Shonn Miller was last season's Ivy League Rookie of the Year and leads the Big Red with 10.3 points per game. What sort of progress has he made from year one to year two? I'm struck by how strong a defensive rebounder he is.
He’s an outstanding defensive player. Not only protecting the rim, but his ability to trap and tip passes and read passing lanes: on that side of the floor, he’s already elite. His interior offensive game has developed: he’s better at scoring inside. The key for him is to commit to being inside scoring threat and not float to the perimeter. I’m sure opposing coaches love seeing him float.
10 different players have started games for Bill Courtney's team with only Miller and Johnathan Gray on the floor at the open of all 19 contests.

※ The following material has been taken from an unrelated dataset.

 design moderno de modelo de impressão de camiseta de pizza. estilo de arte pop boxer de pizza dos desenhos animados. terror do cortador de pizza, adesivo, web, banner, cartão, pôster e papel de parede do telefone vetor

How much was he struggling to find a combination that worked and how successful has he been?
I think Bill Courtney’s rotation has tightened this year, despite a lot of the interchangeable starting pieces. He’ll still play the hot hand, but the individual inconsistency of so many guys has forced his hand to try different combinations. For the record: a lot of these guys have had ample opportunity to play consistent basketball, and haven’t done it. I don’t think the inconsistency is a byproduct of Courtney’s rotation.
I haven't had a chance to see freshman Nolan Cressler in action. What can you tell me about him beyond the fact he averages 7.8 ppg?

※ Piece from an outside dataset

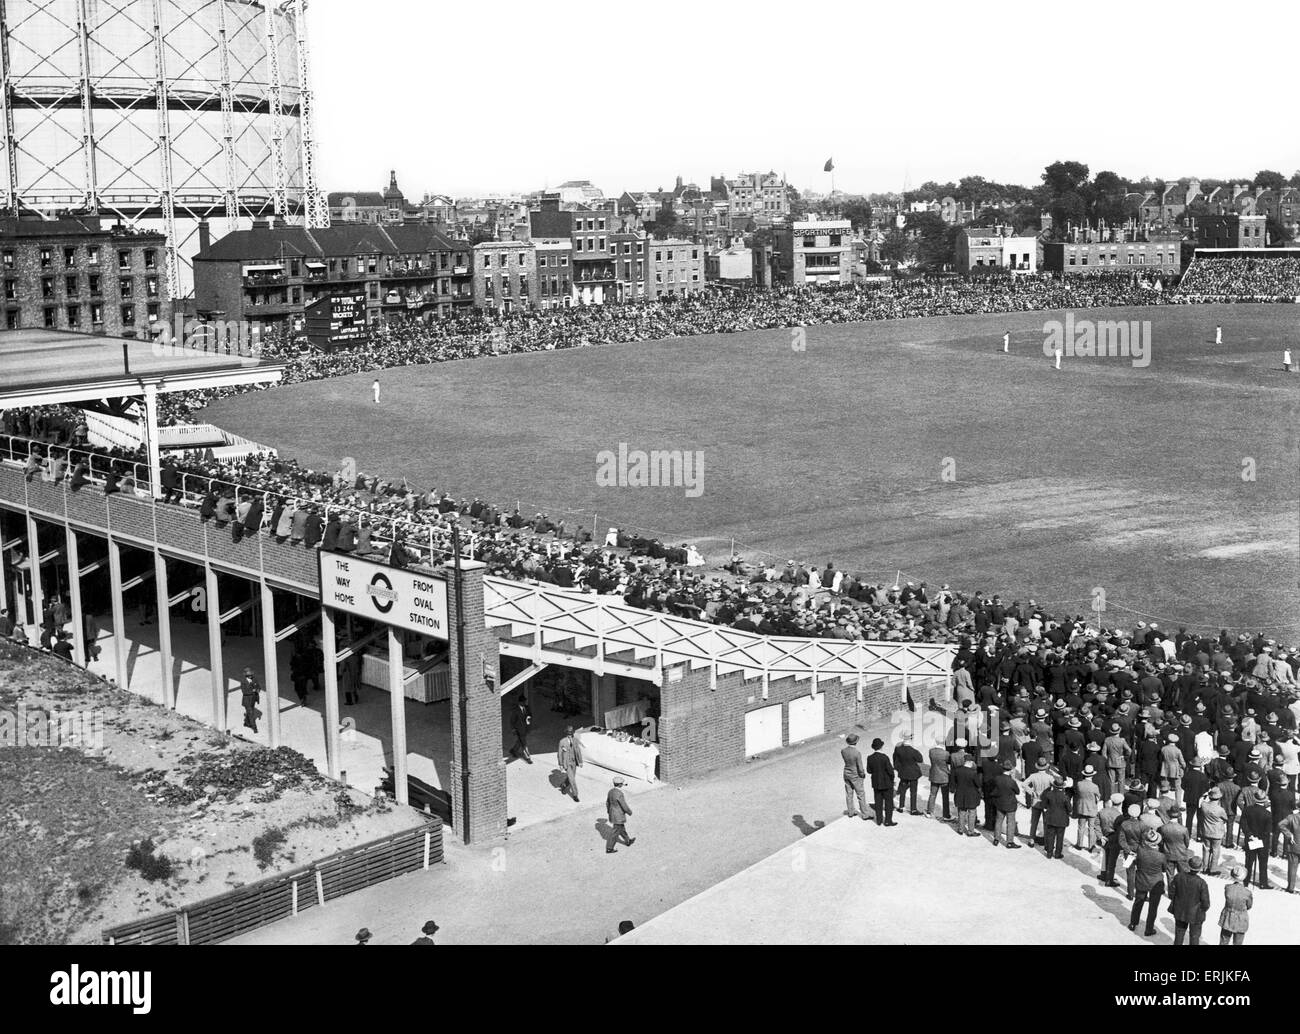 Vue générale de l'Oval Cricket Ground. Août 1947. Banque D'Images

Really like his game. His defense will come, but he’s a 6-foot-4 scorer with a good jumper. He’s shooting 41% from the arc, he’s an intelligent player and he’s a strong rebounder. He’ll also go off the dribble, so he’s not a one-dimensional scorer. Unselfish also. He has a bright future.
Cornell improves to 2-1 in conference if...
...it can defend Princeton’s stuff and limit the Tigers to one opportunity. Cornell’s halfcourt offense is painful to watch, but Cancer is coming off a career game in a season that has otherwise been frustrating. Watch Cancer closely – his decision-making with the ball can turn Cornell from a clunker to a threat, or vice versa, quickly.
Princeton remains undefeated during their Ivy slate if...
...the Tigers play with effort and intelligence. This matchup tilts strongly in their favor, particularly with how tough they are to beat at Jadwin. Their length and toughness should bother Cornell’s younger guys. If Princeton can keep Cornell to under 60 points – and that’s a real possibility – the Tigers will be in great shape.
Can you update people on things in Ithaca for you? Anything new folks should be following?
I’ve been off the newspaper beat for over a year and a half now, but I contribute content and analysis to the local ESPN Radio affiliate in Ithaca. I’m now teaching one journalism course per semester at Ithaca College, and thoroughly enjoying working a schedule that doesn’t end at 1:00 am every night. Thanks again Jon!